Andreas Heimer

Personal information
- Full name: Andreas Heimer Hansen
- Date of birth: 10 December 1997 (age 28)
- Place of birth: Copenhagen, Denmark
- Height: 1.83 m (6 ft 0 in)
- Position: Midfielder

Team information
- Current team: B.93
- Number: 20

Youth career
- FB [da]
- KB
- B.93

Senior career*
- Years: Team / Apps / (Gls)
- 2015–2017: B.93
- 2017–2019: Thisted / 29 / (3)
- 2019: Silkeborg / 13 / (0)
- 2020: Næstved / 13 / (2)
- 2020–: B.93 / 101 / (2)

= Andreas Heimer =

Danish footballer (born 1997)

Andreas Heimer Hansen (born 10 December 1997) is a Danish professional footballer who plays as a midfielder for Danish 1st Division club B.93.

==Career==
===B.93===
Heimer started playing football at Frederiksberg Boldklub, better known as FB, before joining KB for a short period and later B.93 at the age of 14. Heimer made his first-team debut for B.93 on 6 June 2015 at the age of 17 years, 5 months and 27 days, making him one of the youngest debutants in the club's history.
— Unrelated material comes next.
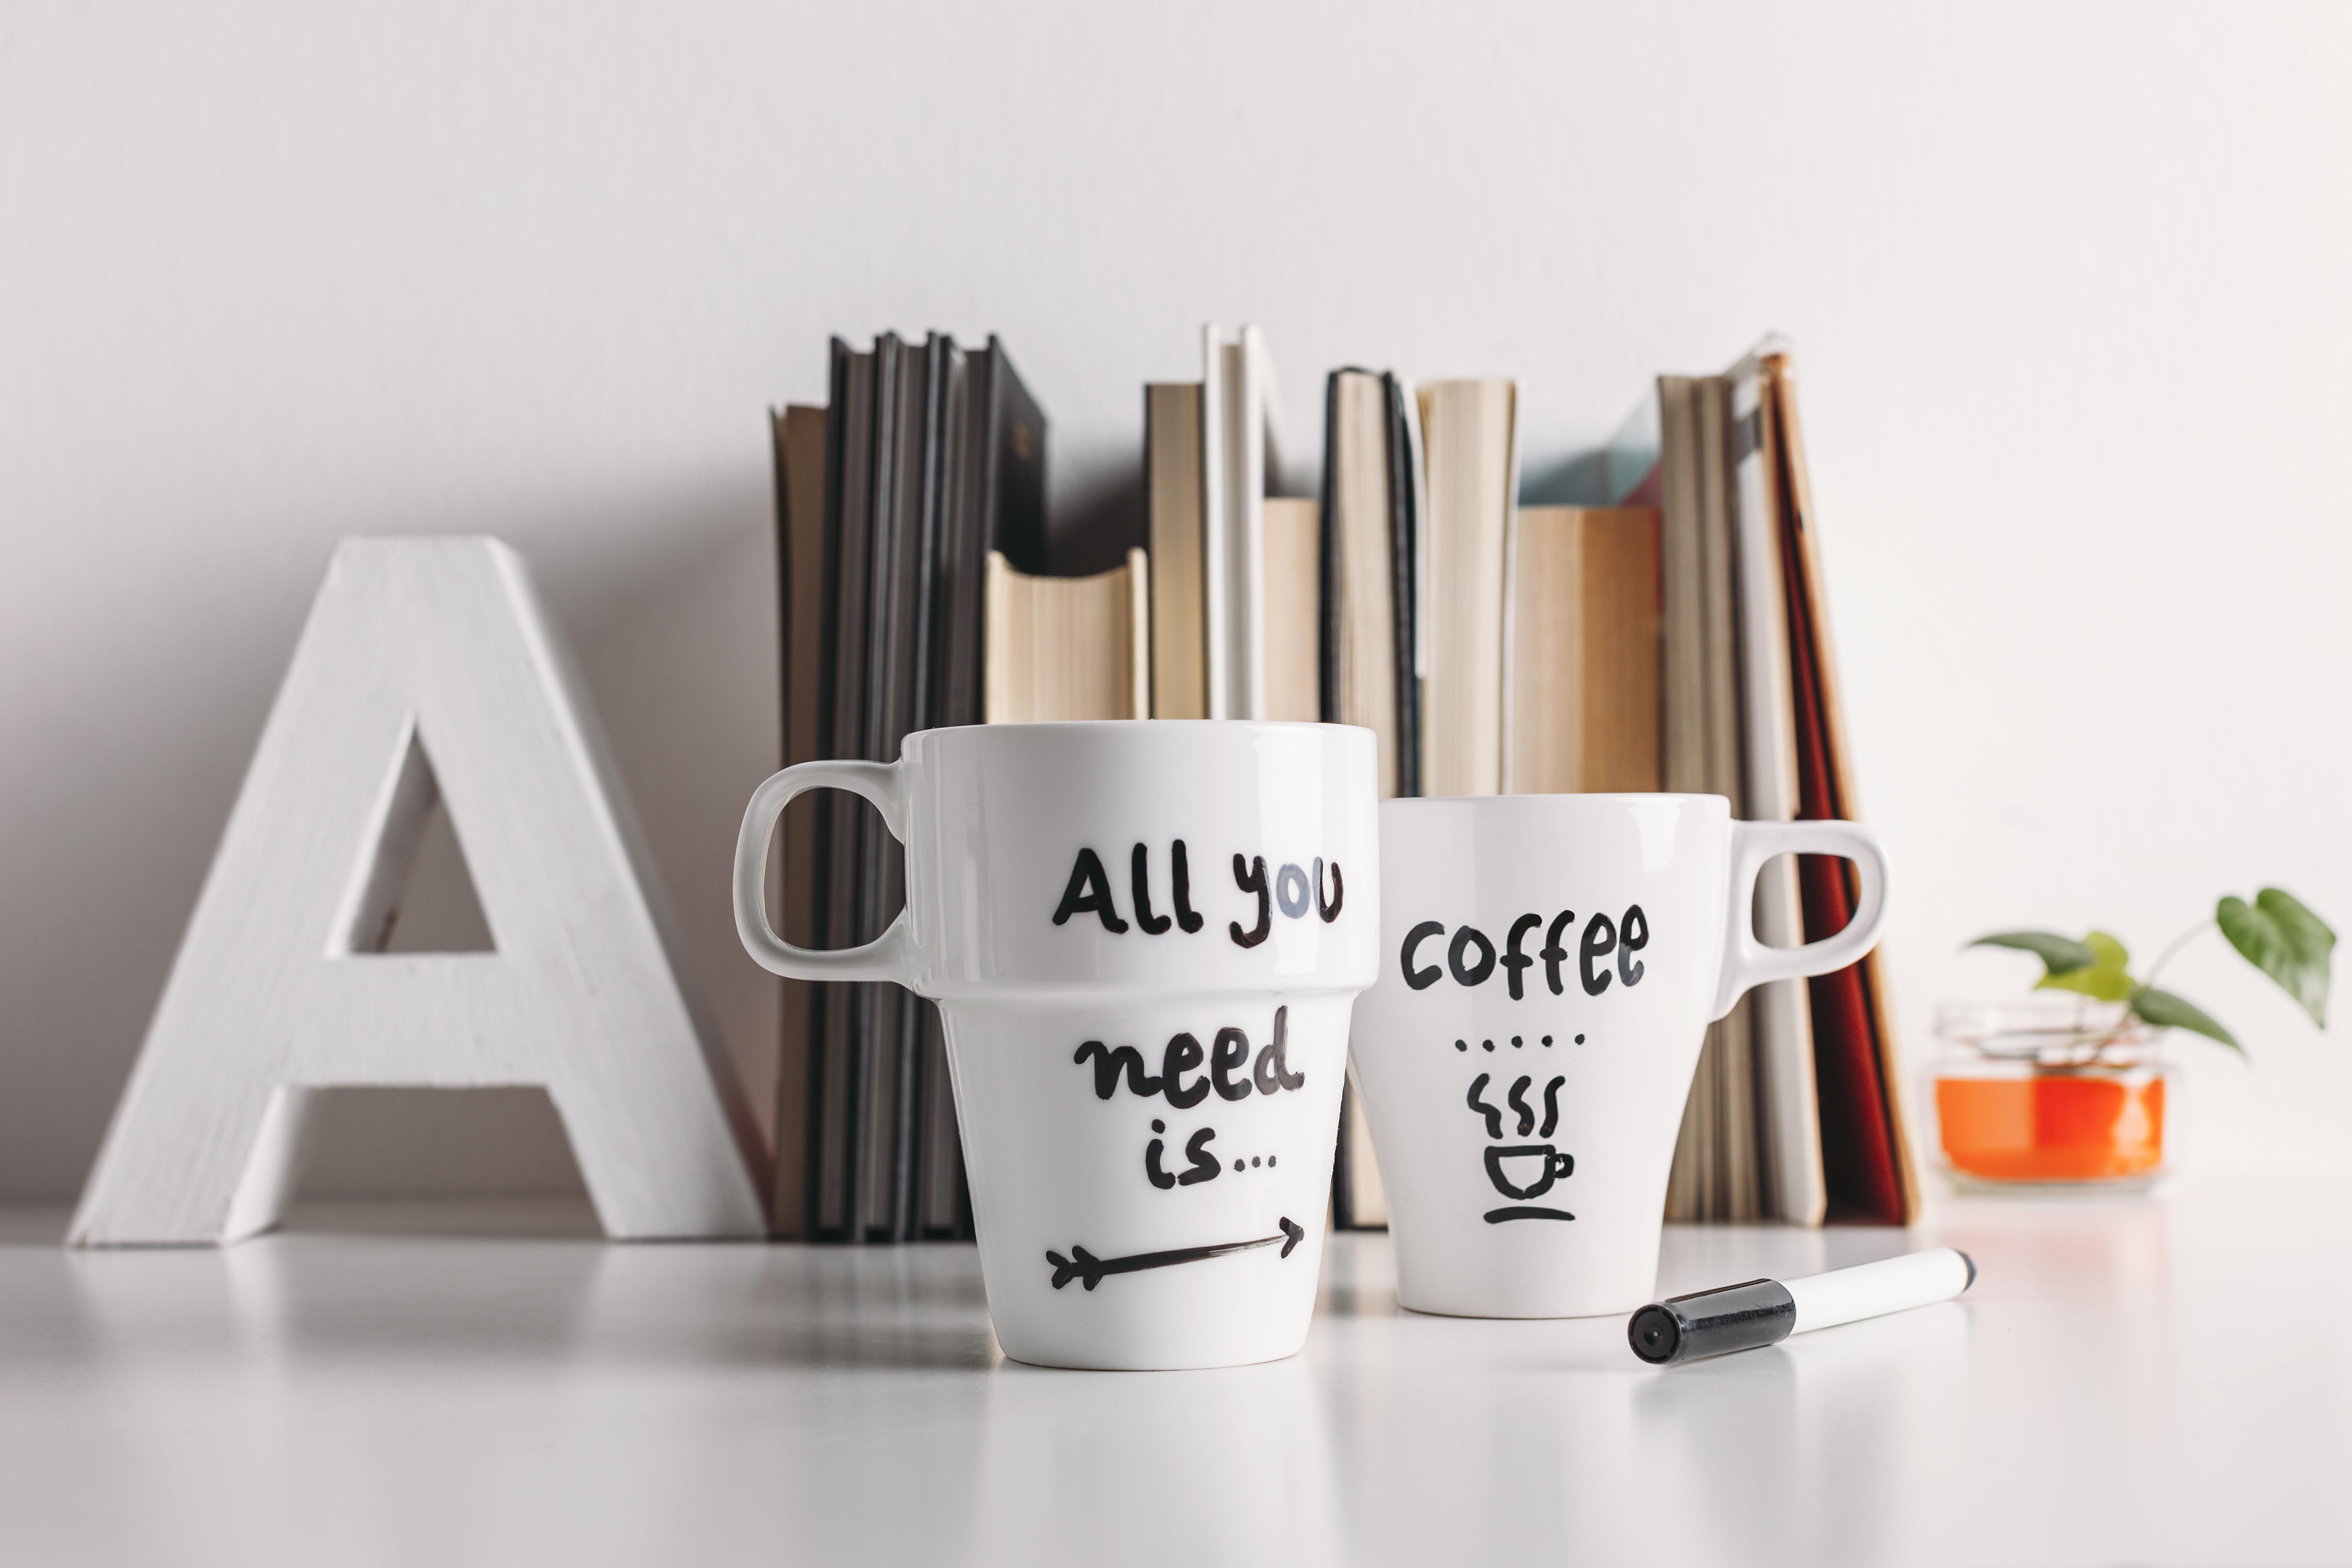 Drick kaffe - lev längre

After over 70 first team games for B.93, Heimer left the club to join Thisted FC in January 2018.

===Silkeborg===
After a year at Danish 1st Division club Thisted FC, Silkeborg IF announced on 30 January 2019, that Heimer had joined the club on a contract for the rest of the season.

===Næstved===
After leaving Silkeborg IF in December 2019, Heimer signed with Næstved BK on 22 January 2020 on a free agent. Heimer confirmed on 26 July 2020, that his contract with Næstved had been terminated.

===Return to B.93===
After being released by Næstved, Heimer returned to B.93. His contract with the club was extended in October 2022.